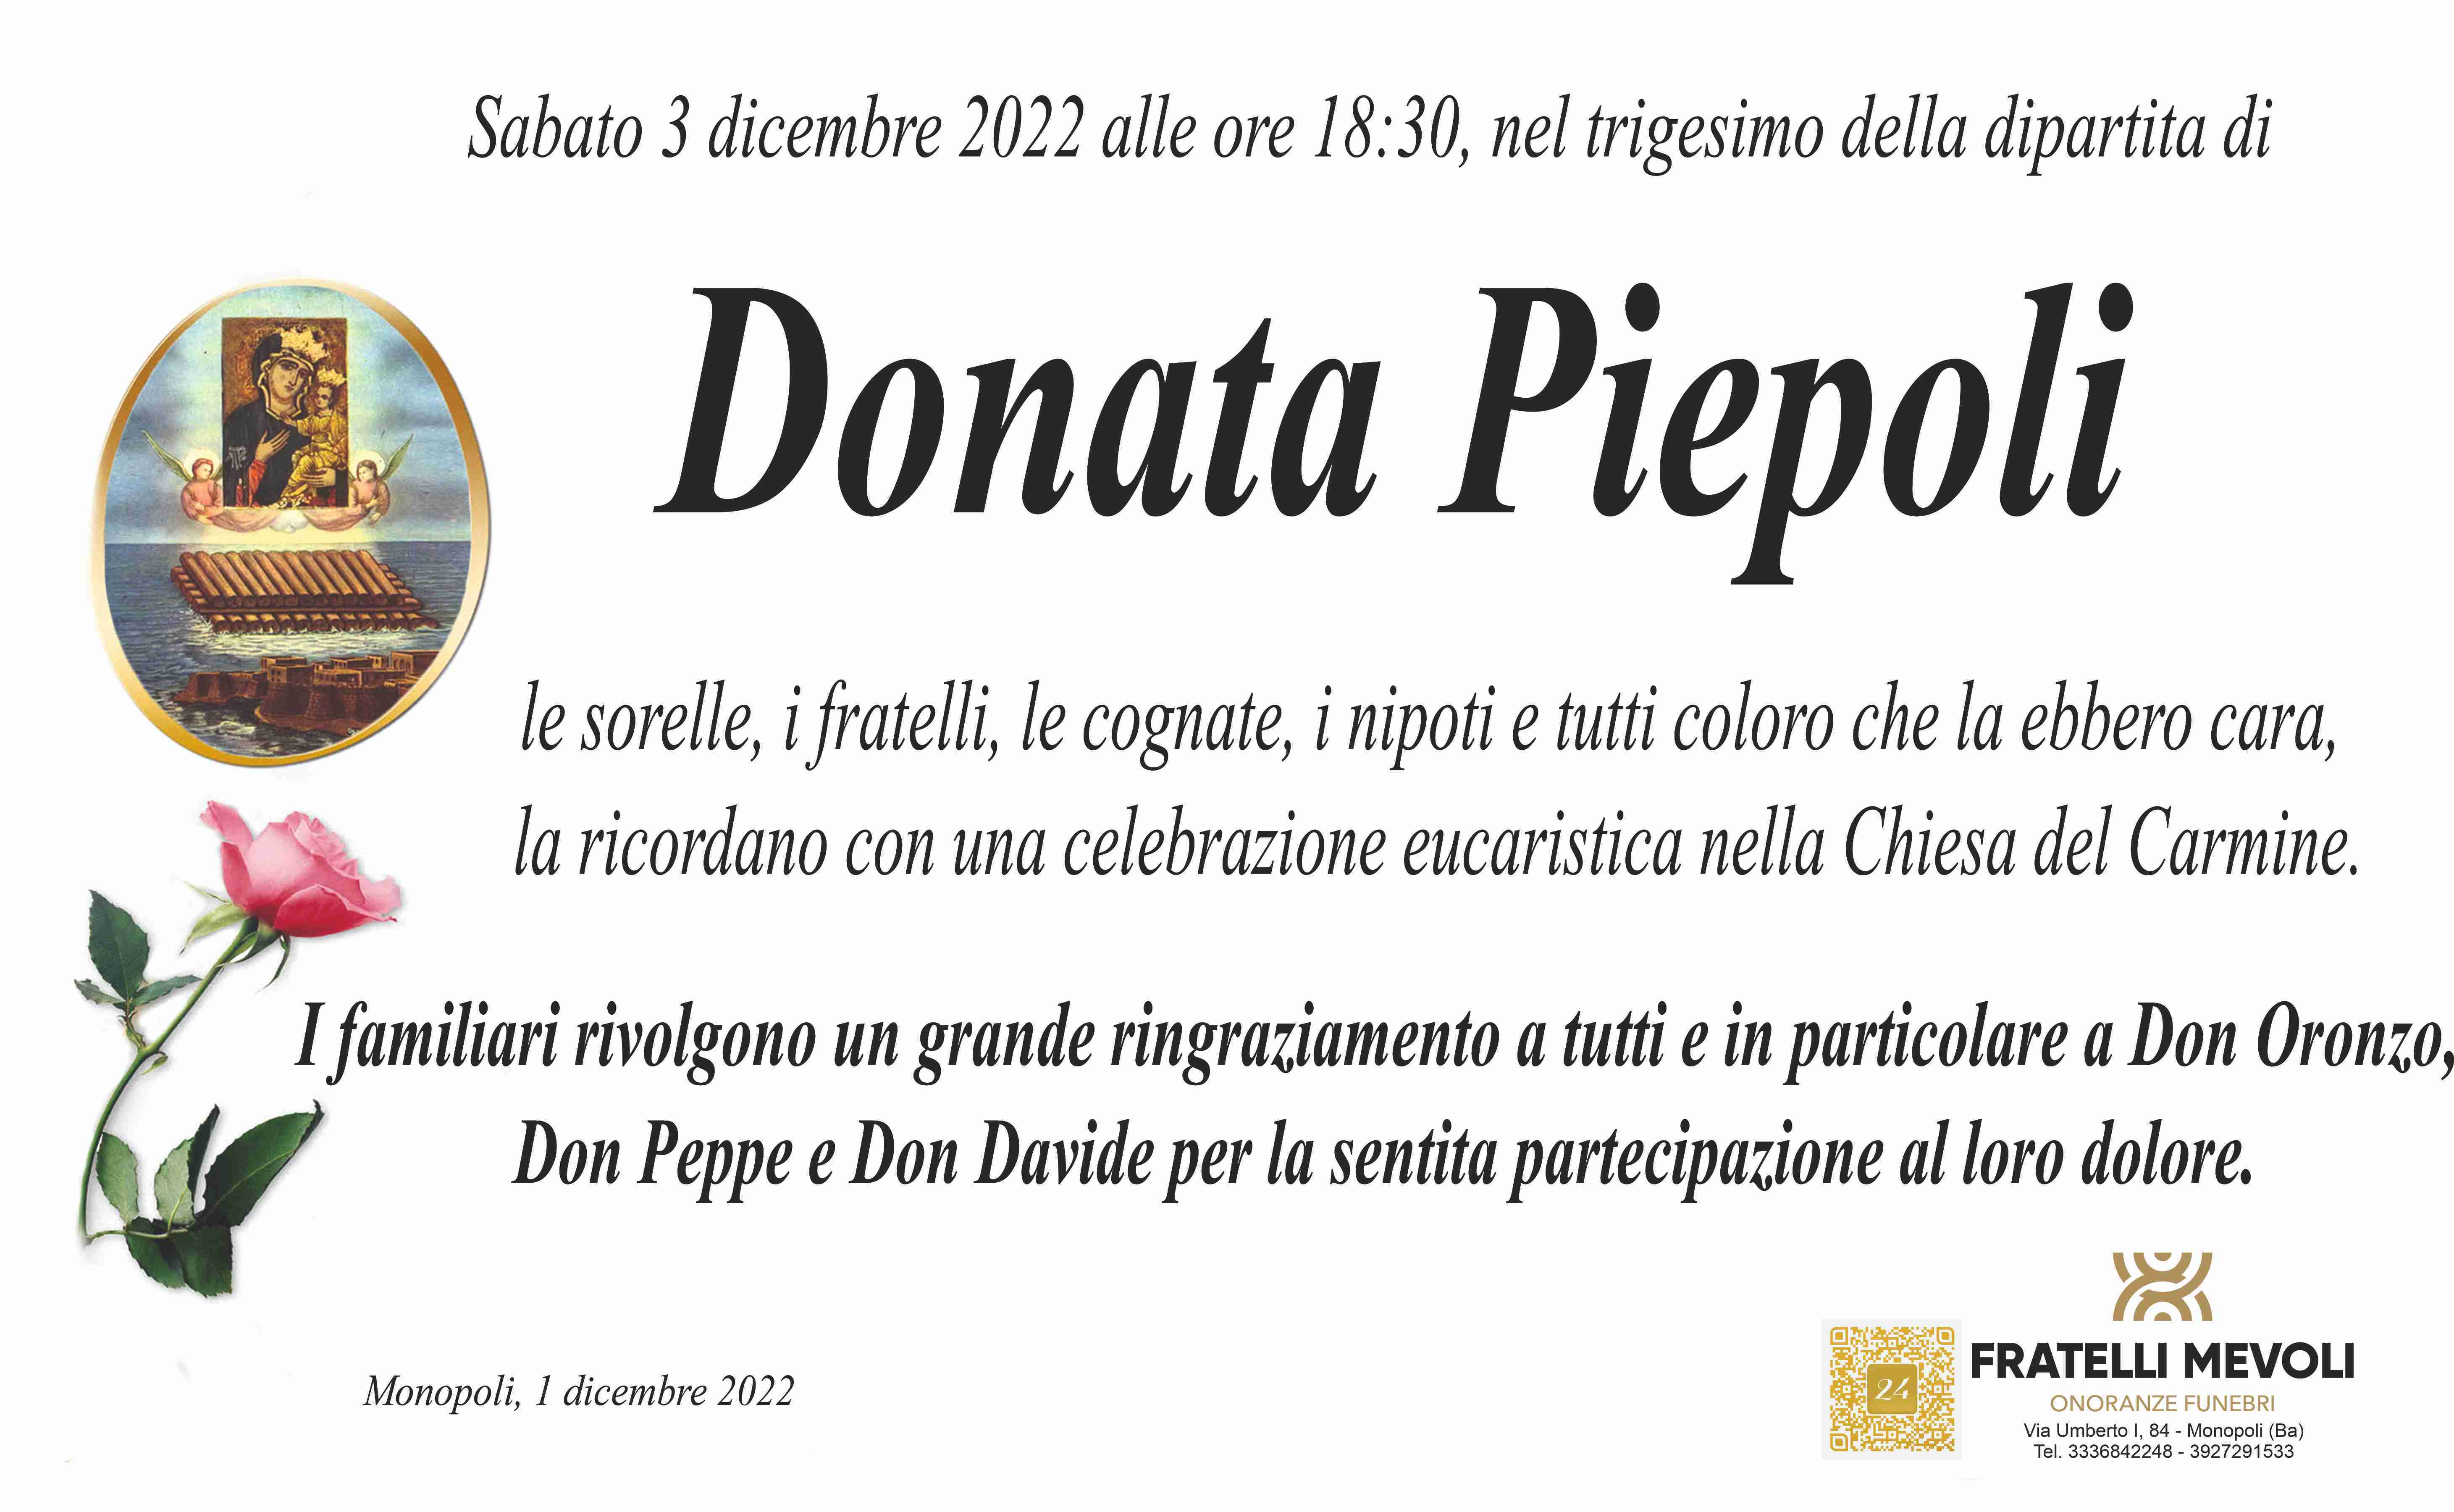 Donata Piepoli
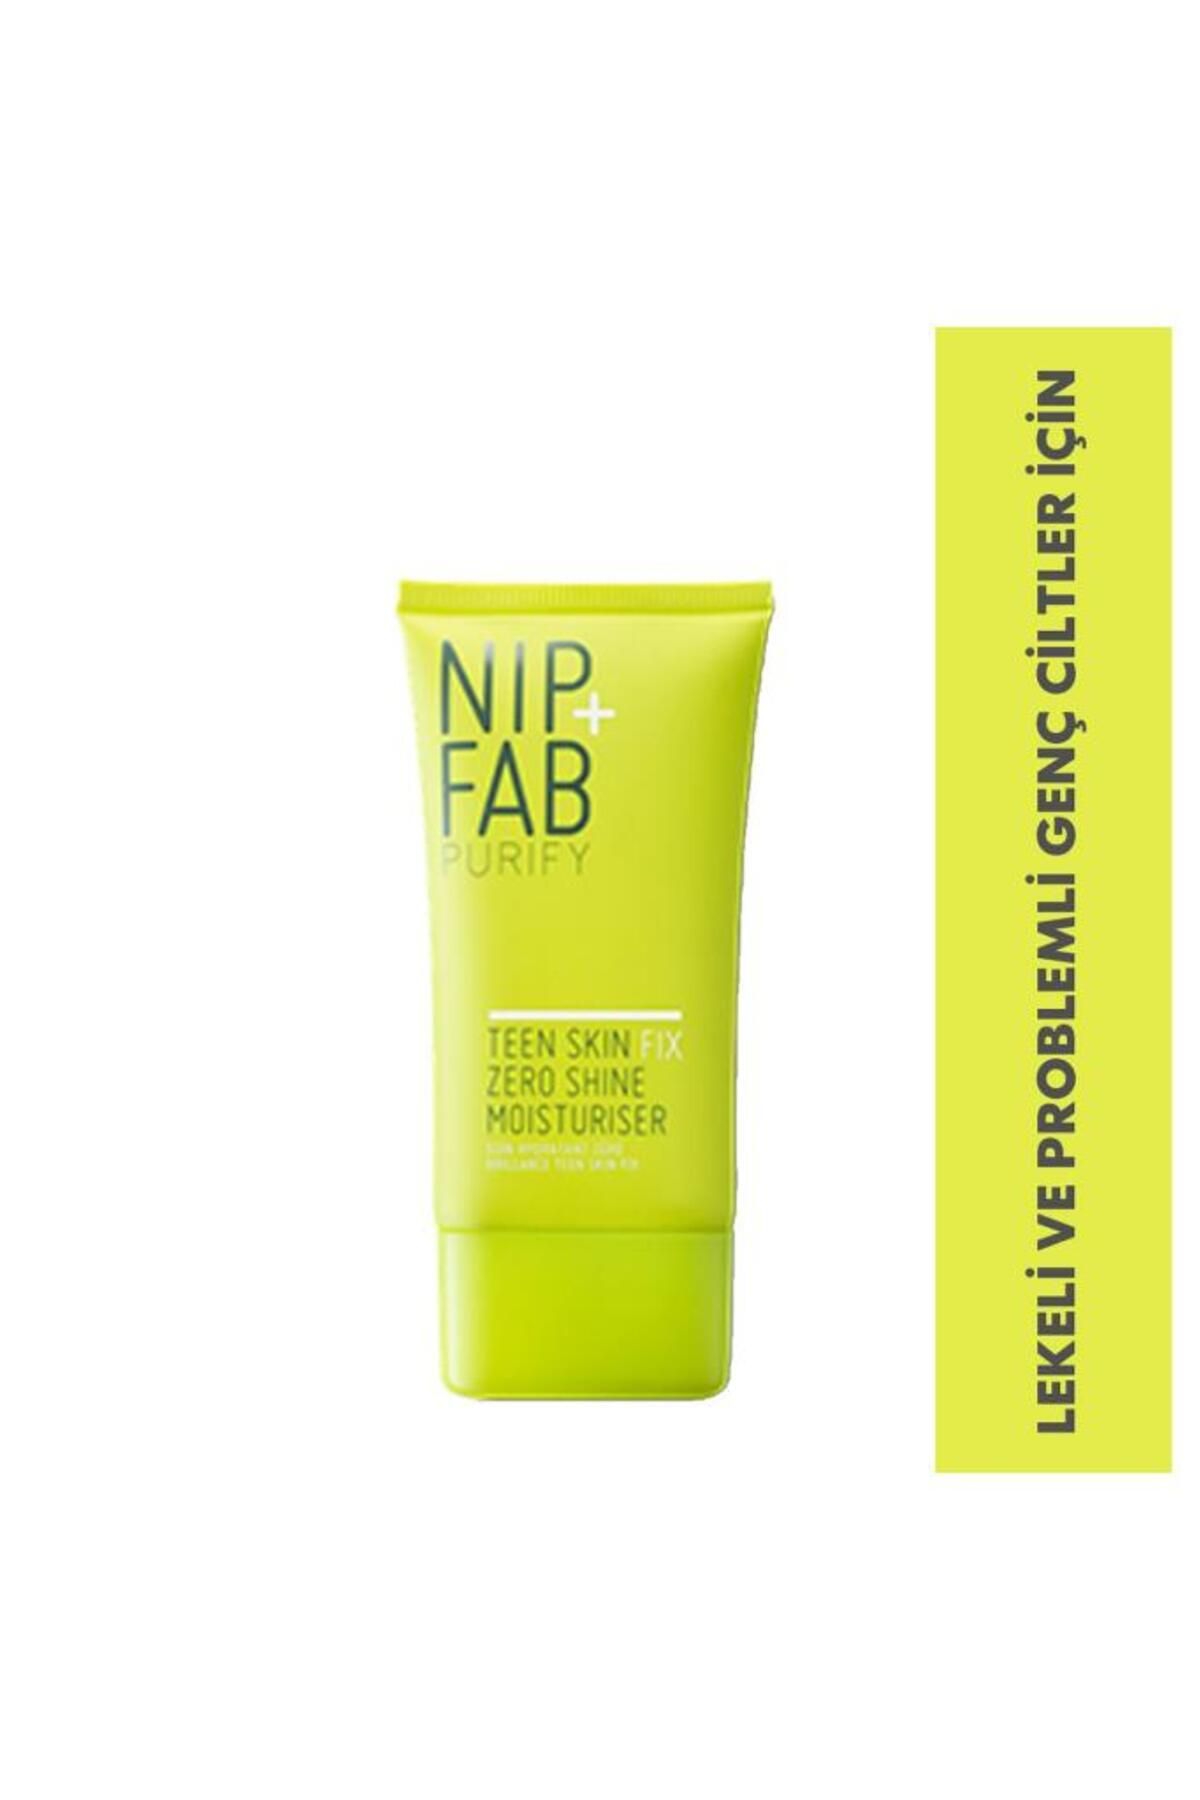 NIP+FAB Teen Skin cilt Tonu Eşitleyici Krem 40 ml
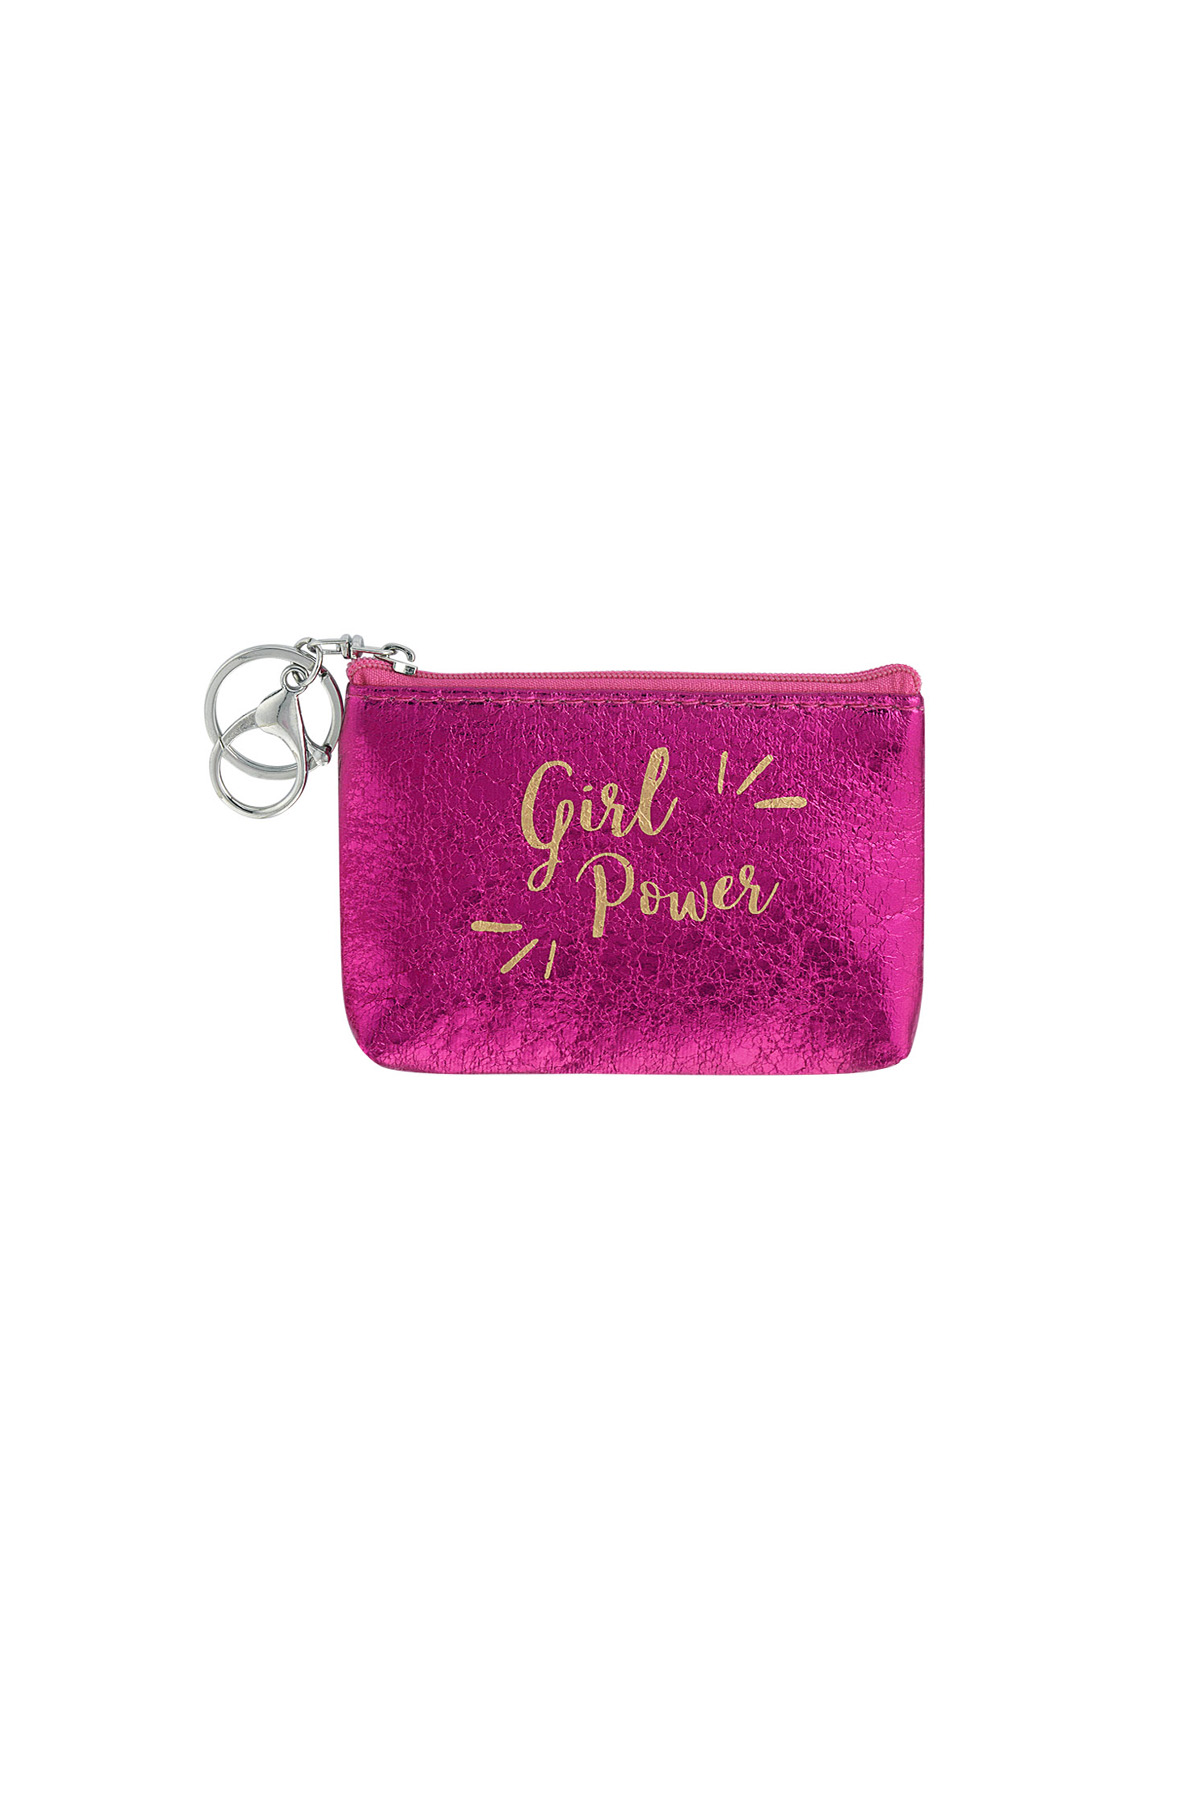 Keychain wallet metallic girl power - fuchsia

● **WHAT THIS TASK INVOLVES**: Please write out exactly the lines from the one holding "NIP+FAB Teen Skin cilt" through the last line of the material above, both included, as a copy without pictures.

● **SOLUTION TO THE EXERCISE**:
 NIP+FAB Teen Skin cilt Tonu Eşitleyici Krem 40 ml
 Keychain wallet metallic girl power - fuchsia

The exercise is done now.